Results: At year 2 the primary outcome was met, with significantly fewer injections, and with non-inferior BCVA (as reported already). At year 4, the SRT group (n 222) received a mean ± standard deviation of 19.1 ± 10.9 injections versus 21.6 ± 11.3 with sham (n 106), an adjusted reduction of 3.2 injections (95% confidence interval of difference: -5.7 to -0.7). However, BCVA change was 8.3 letters worse than sham (95% confidence interval of difference: –12.7 to –4.0). Adverse event rates were similar between groups, but reading centre-detected microvascular abnormalities occurred in 126 SRT-treated eyes (58%, 126/218) and 16 (16%, 16/102) sham-treated eyes.
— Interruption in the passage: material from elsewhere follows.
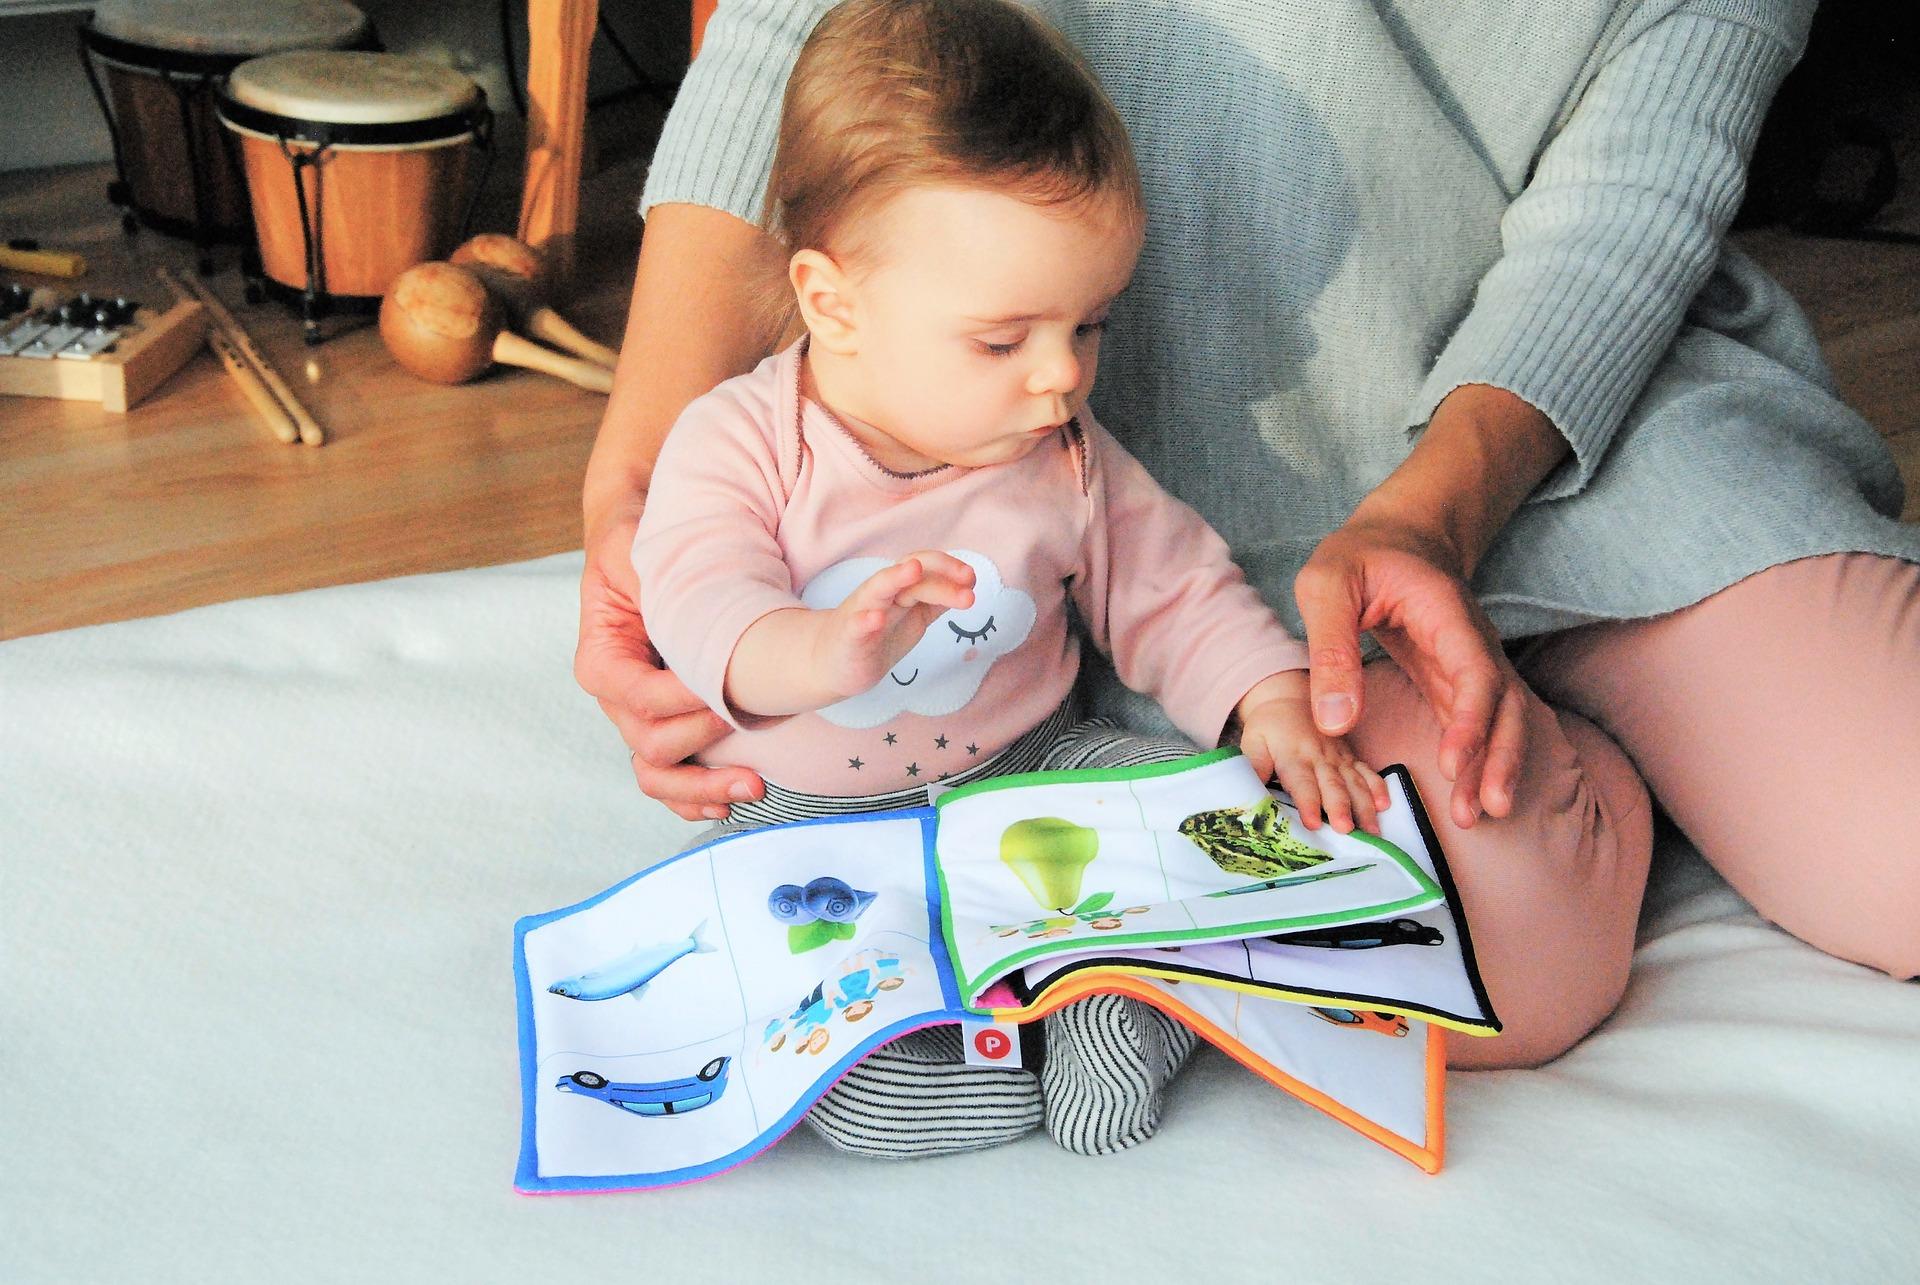 ce tip de mama - sfatulparintilor.ro - pixabay_com - child-2916844_1920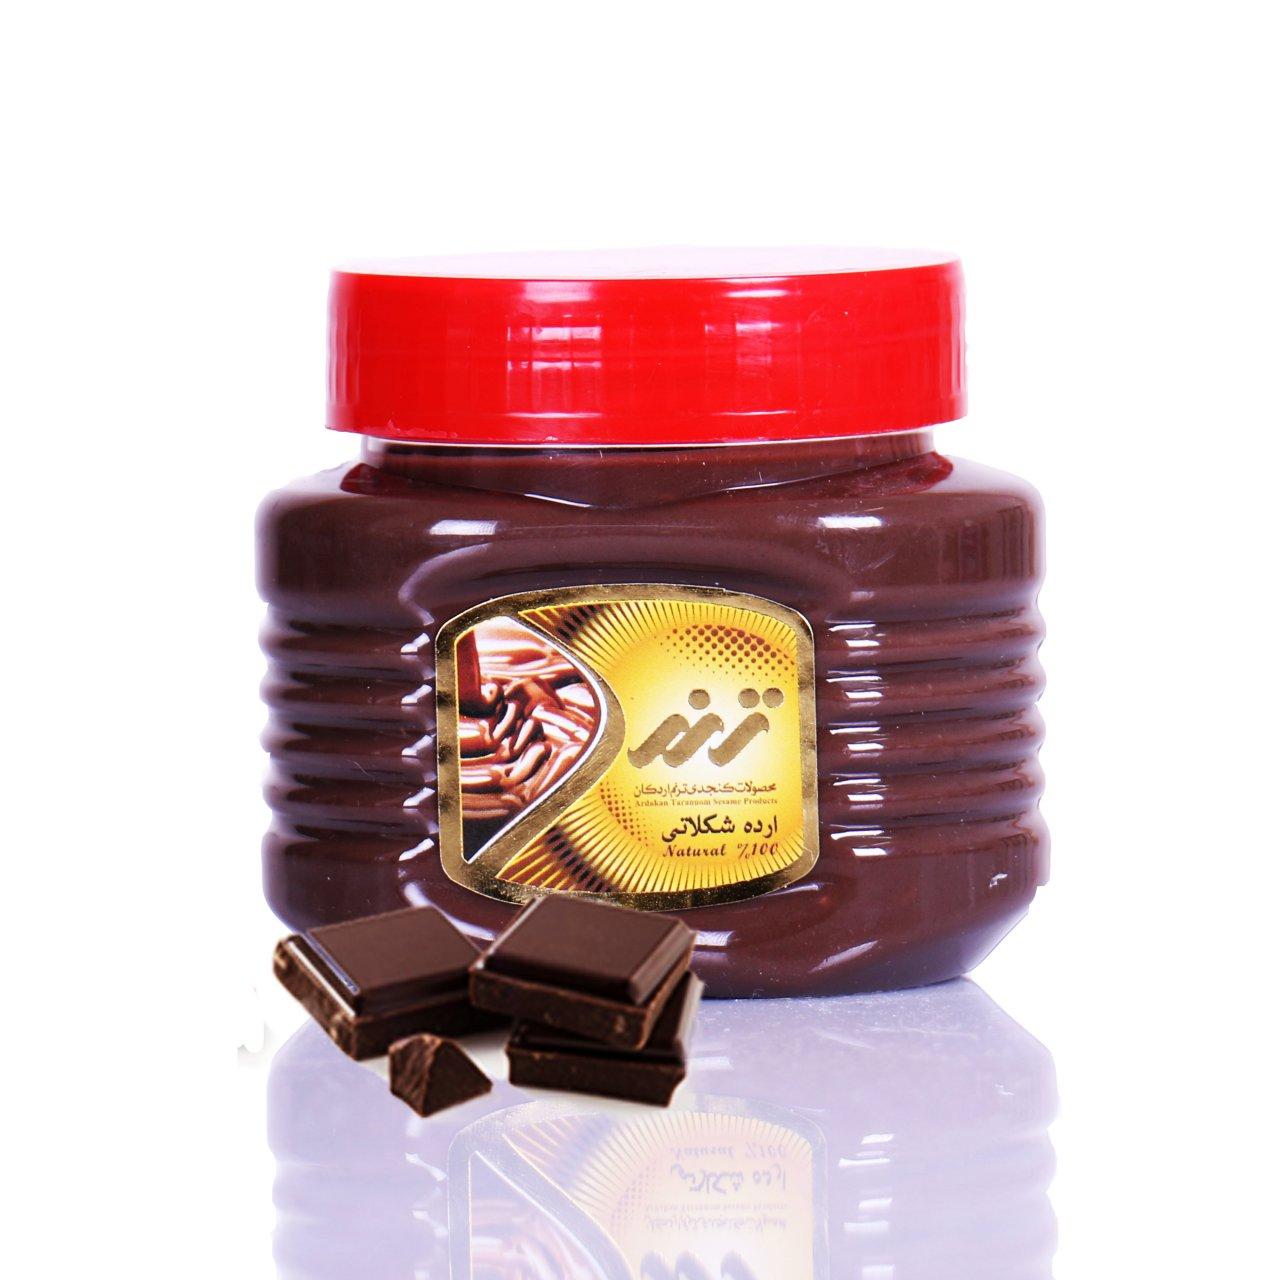 ارده شکلاتی ترنم ۳۵۰ گرم

Conclusions: Long-term, standard care, masked follow-up after the primary outcome reversed this trial’s initial conclusion, and no longer supports the use of SRT for exudative AMD. Other trials might consider extended, real-world, masked follow-up.

Biography:

Professor Jackson is consultant ophthalmic surgeon at King’s College Hospital and professor of retinal research at King’s College London. He completed his medical degree in New Zealand, a retinal PhD at St Thomas’ Hospital, London, and his ophthalmology residency based in Moorfields Eye Hospital, where he completed his vitreoretinal fellowship. He has about 150 PubMed publications, is author of the Moorfields Manual of Ophthalmology, and has an approximately 6M Euros research portfolio.